TASK TO COMPLETE –
I'd like the data below restated word for word, with the pictures left out.

DATASET CONTENT –
Start of Block
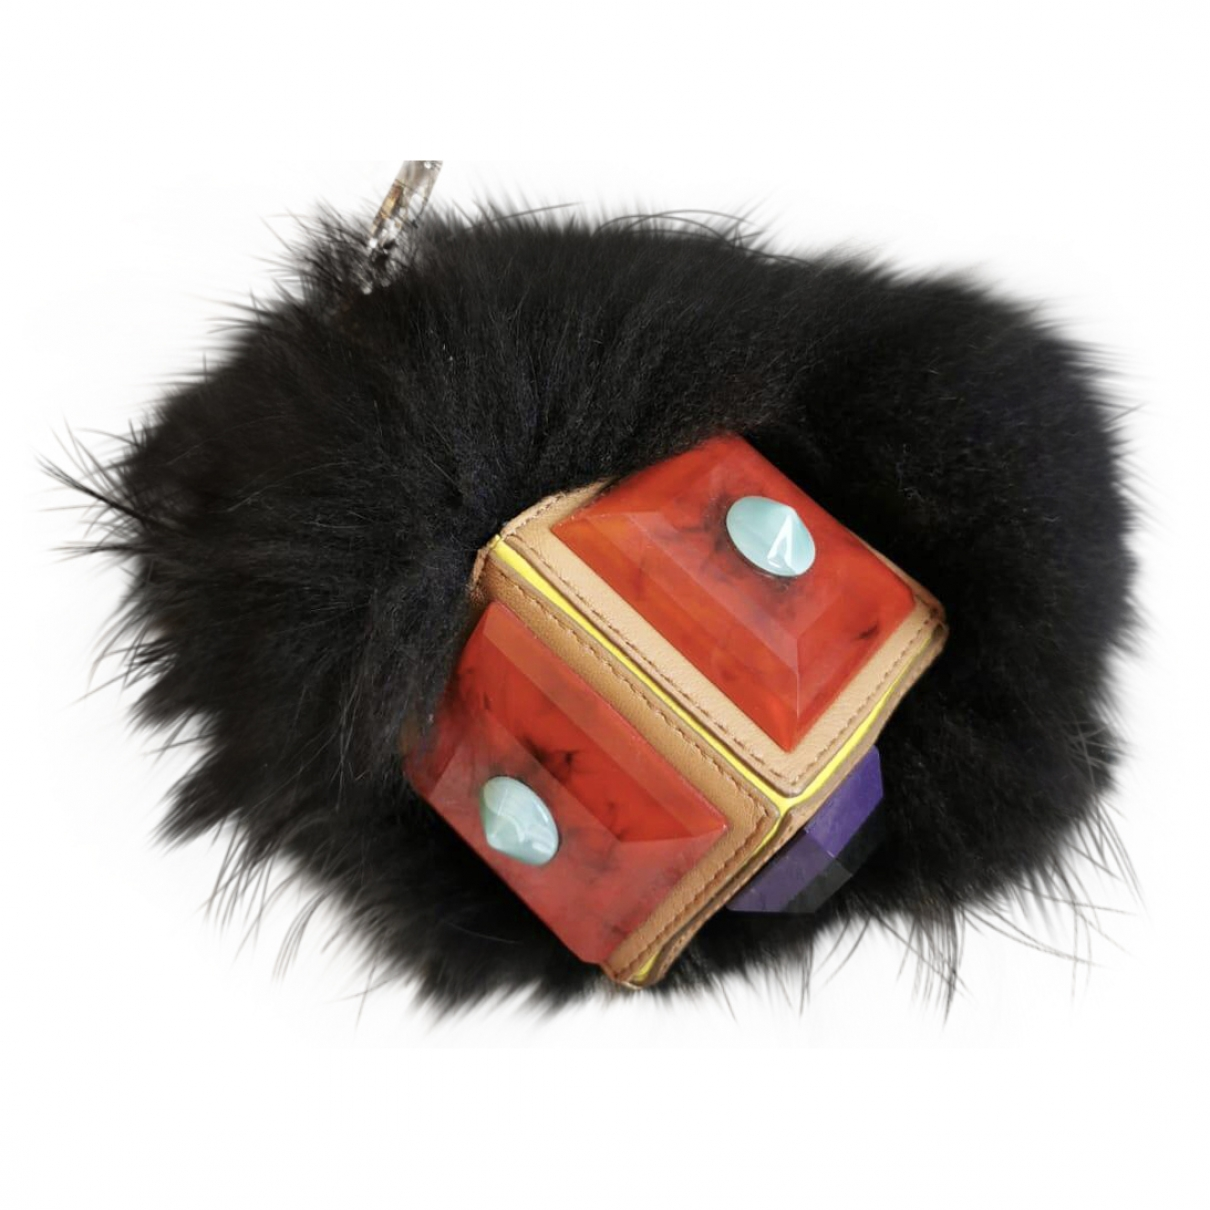 Fendi Bag Bug Taschenschmuck in  Bunt Fuchs
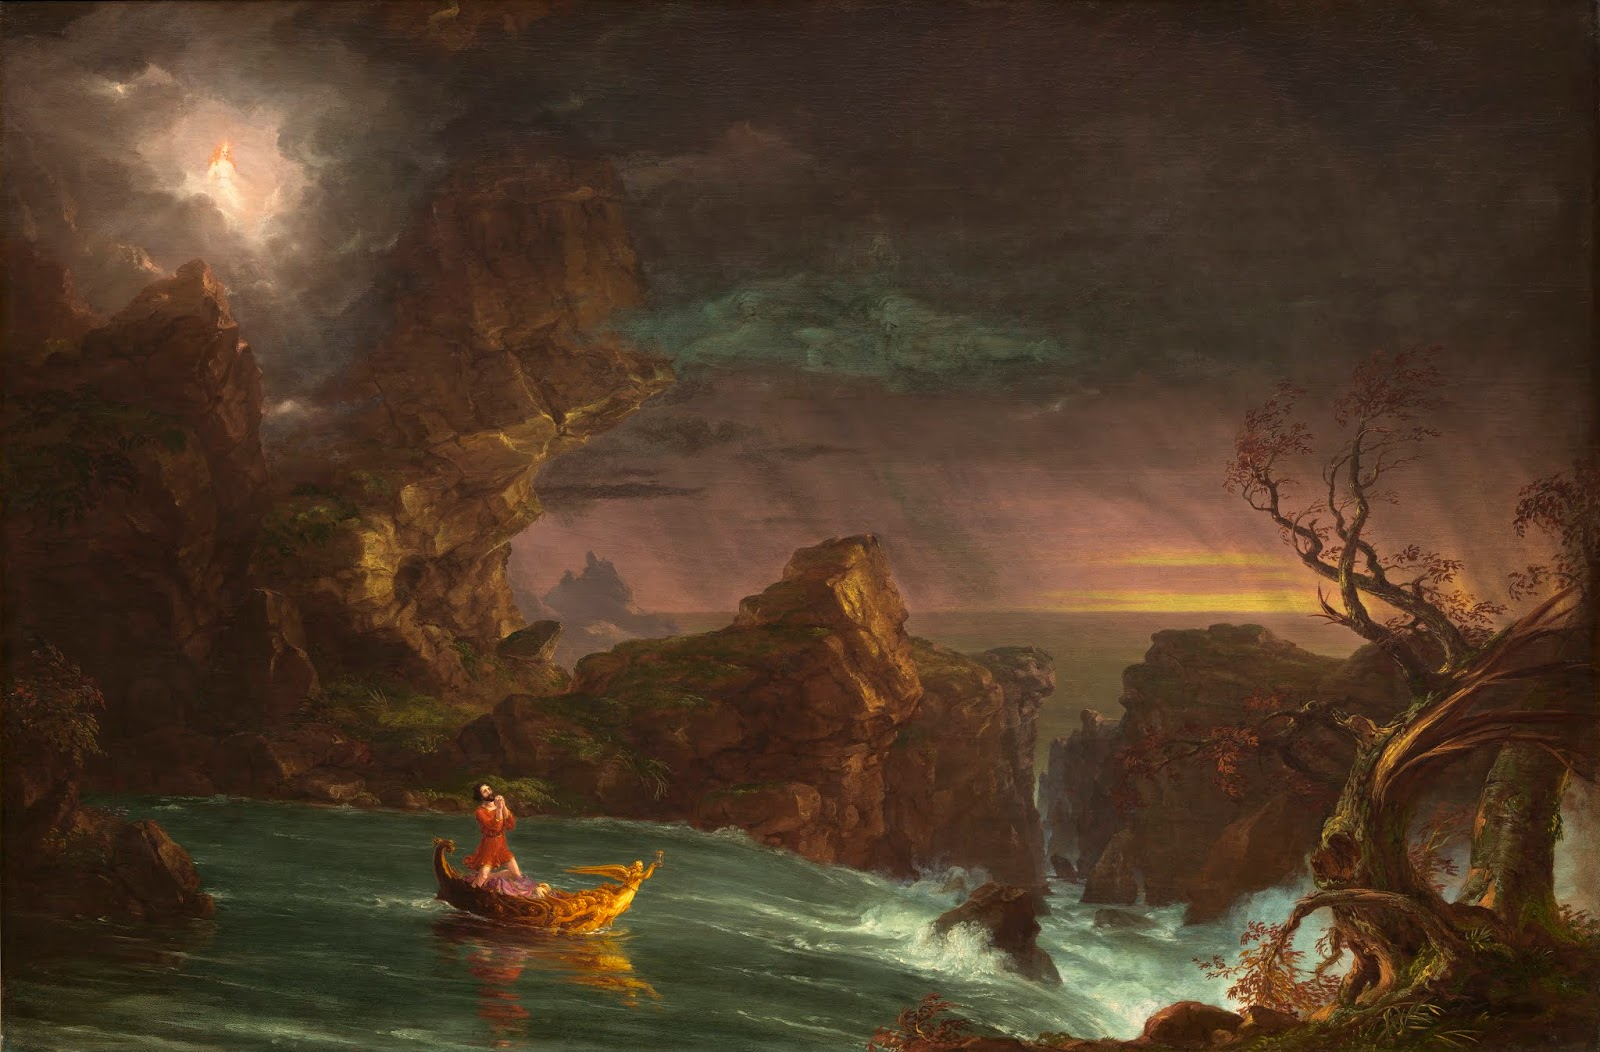 Pintura de Thomas Cole
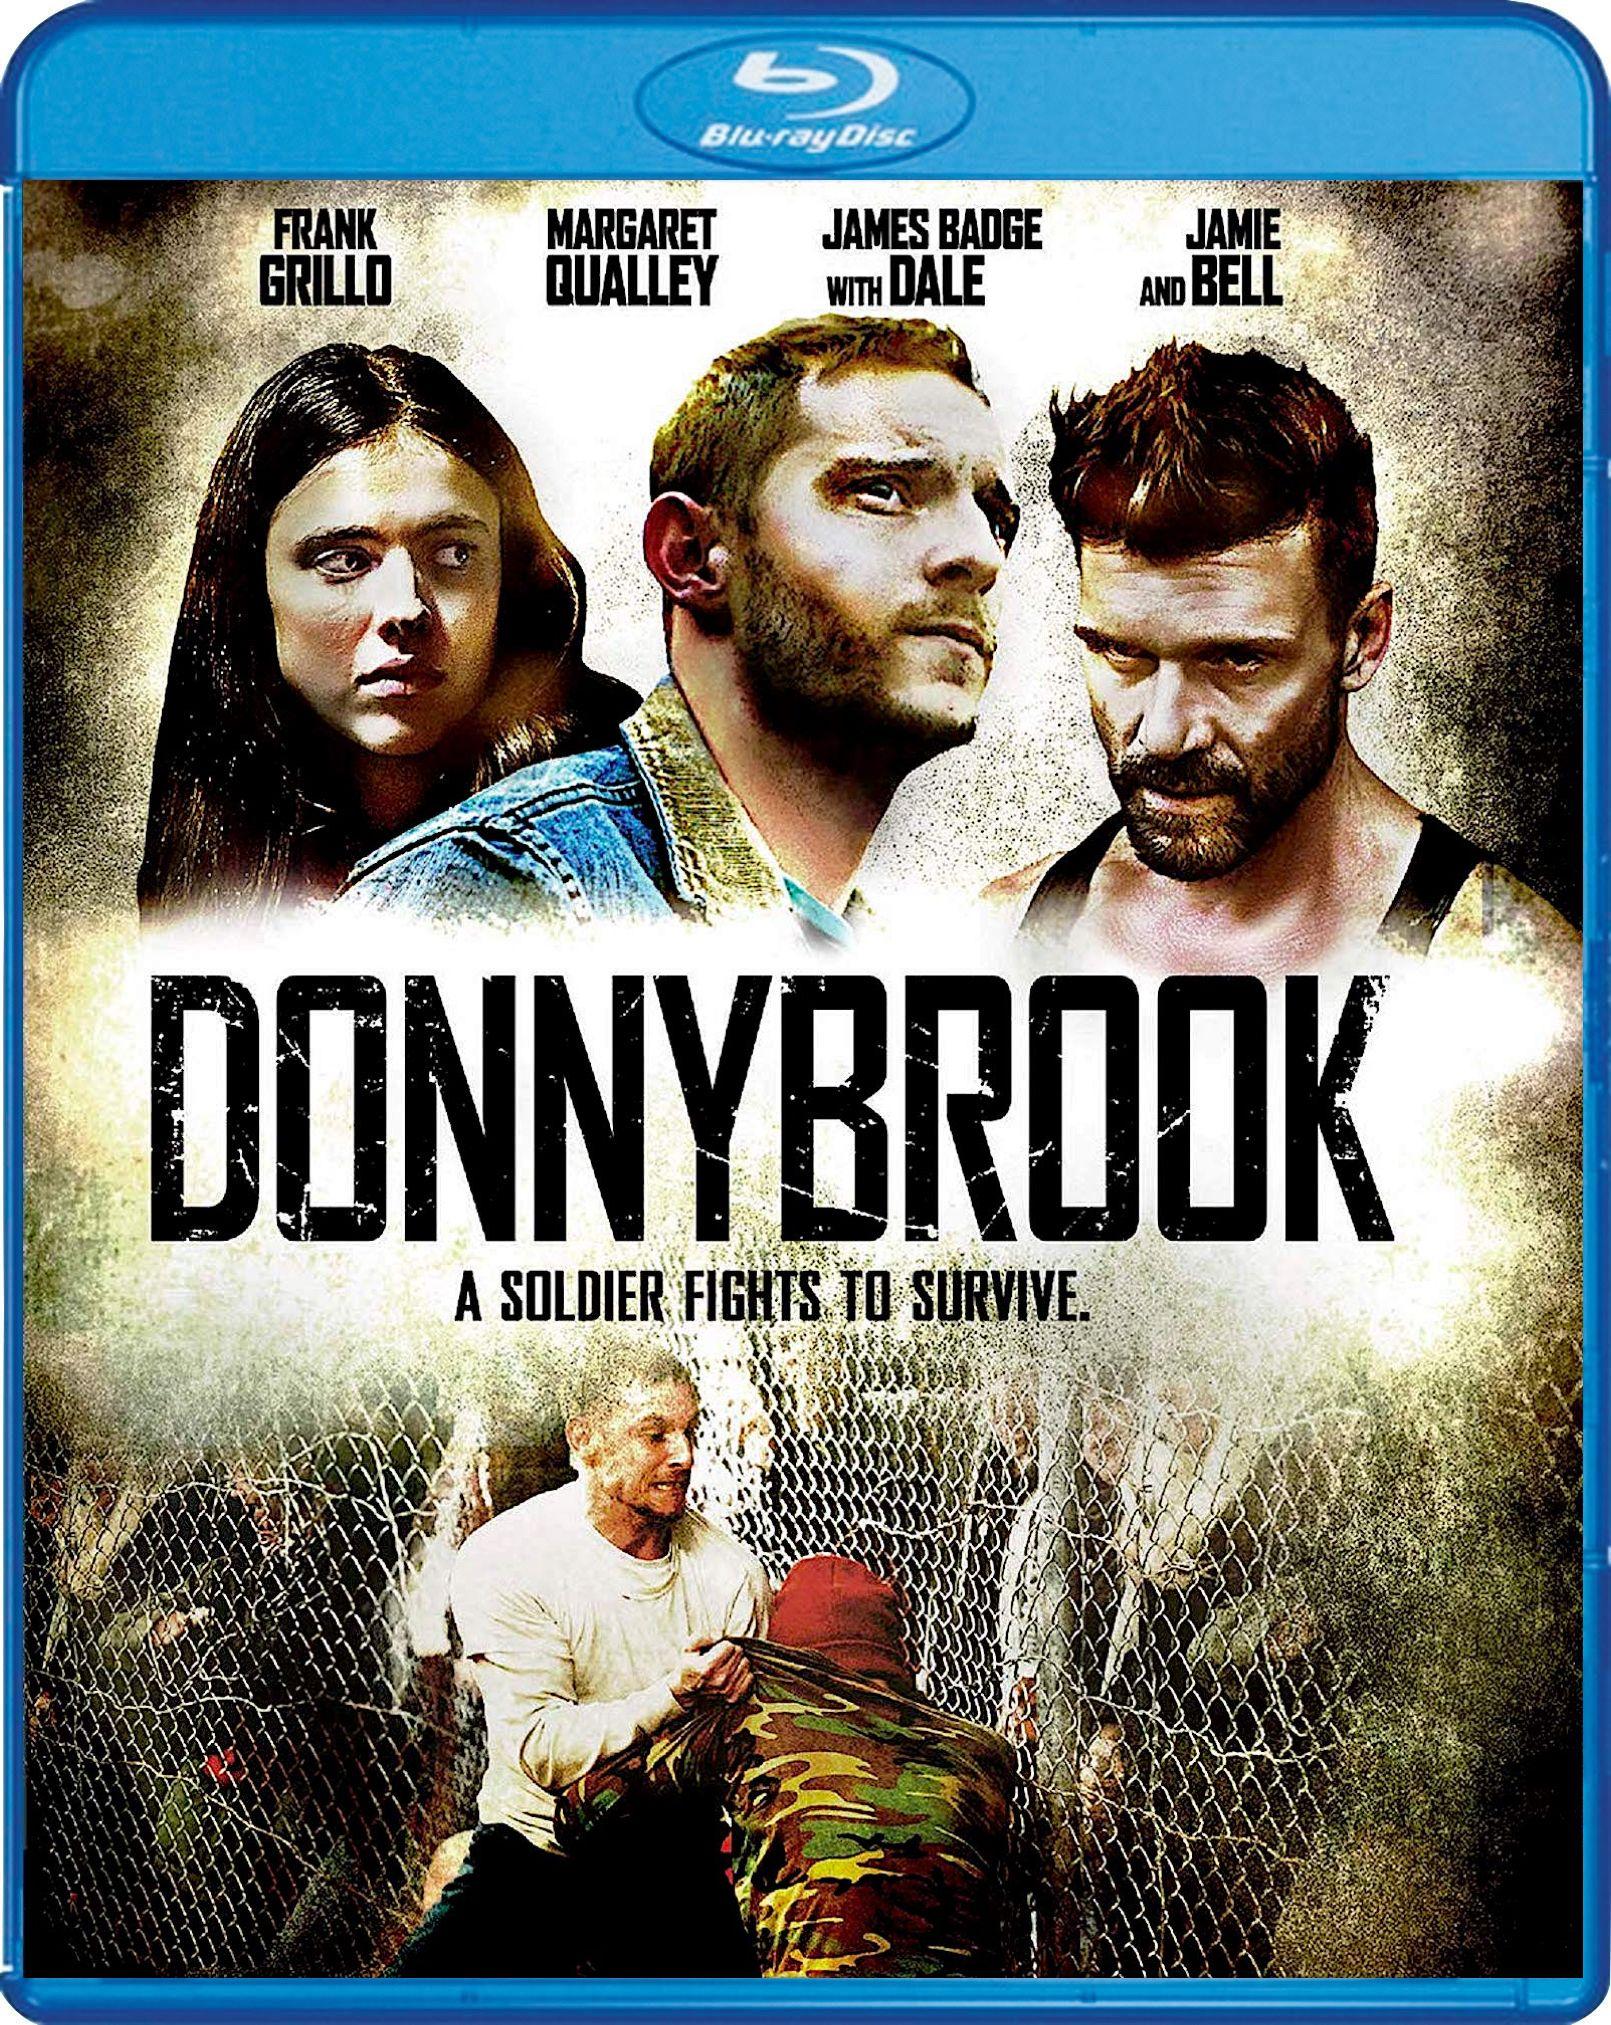 DONNYBROOK BLURAY (SHOUT FACTORY) Blu ray, Donnybrook
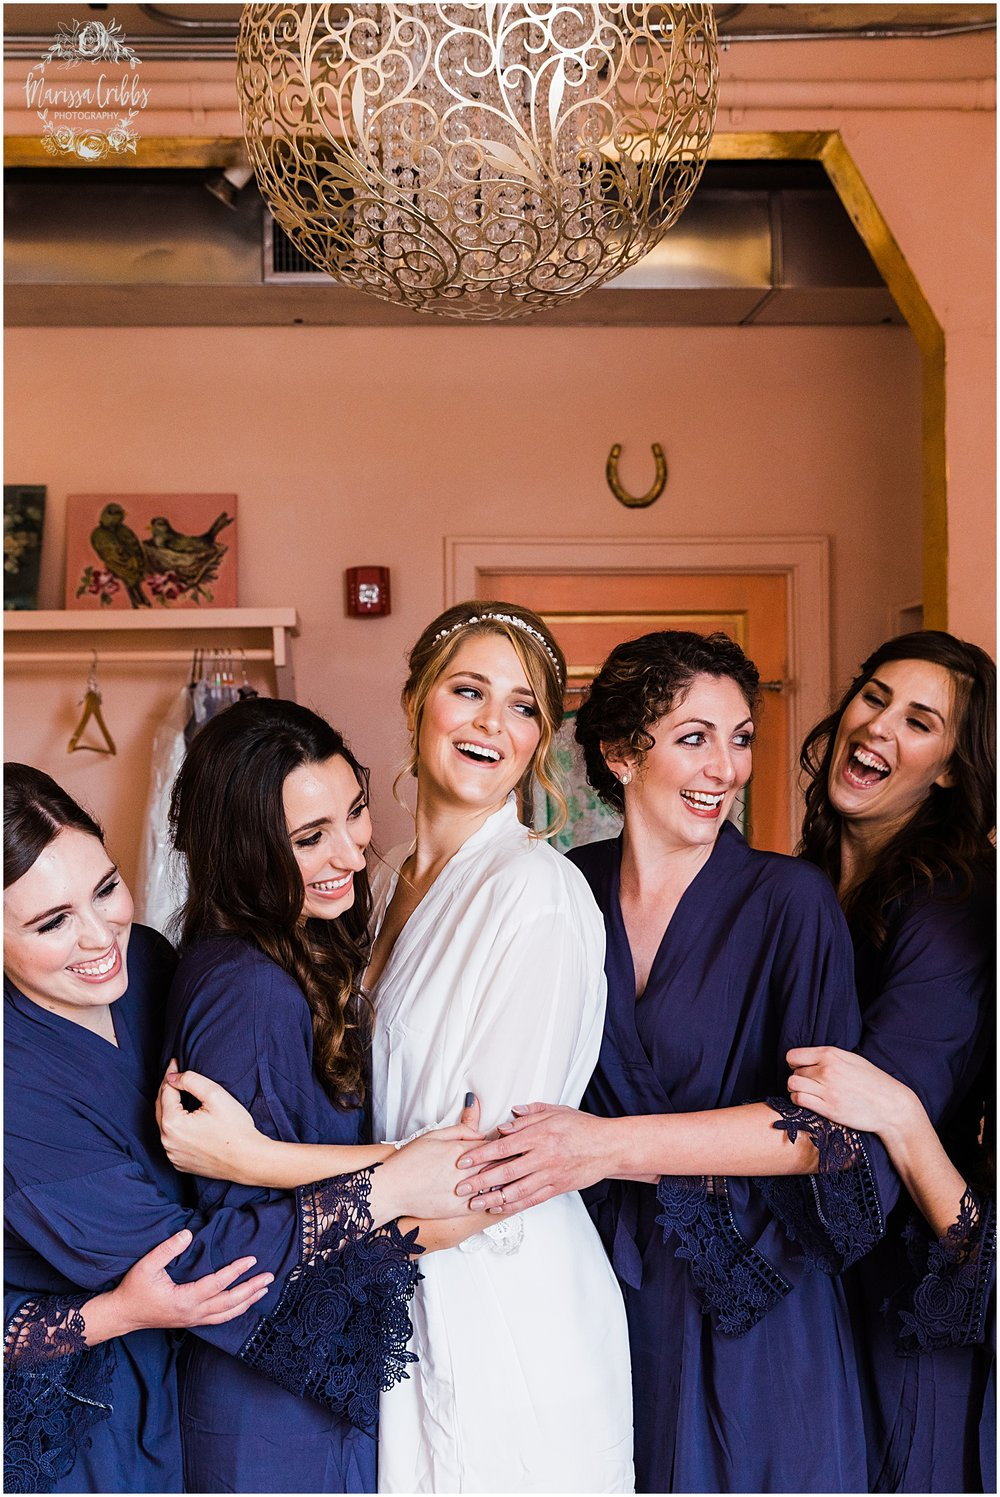 BAUER WEDDING | KELSEA & JUSTIN | MARISSA CRIBBS PHOTOGRAPHY_6489.jpg
End of Block
EXERCISE ANSWER –
 Fendi Bag Bug Taschenschmuck in  Bunt Fuchs
 Pintura de Thomas Cole
 DONNYBROOK BLURAY (SHOUT FACTORY) Blu ray, Donnybrook
 BAUER WEDDING | KELSEA & JUSTIN | MARISSA CRIBBS PHOTOGRAPHY_6489.jpg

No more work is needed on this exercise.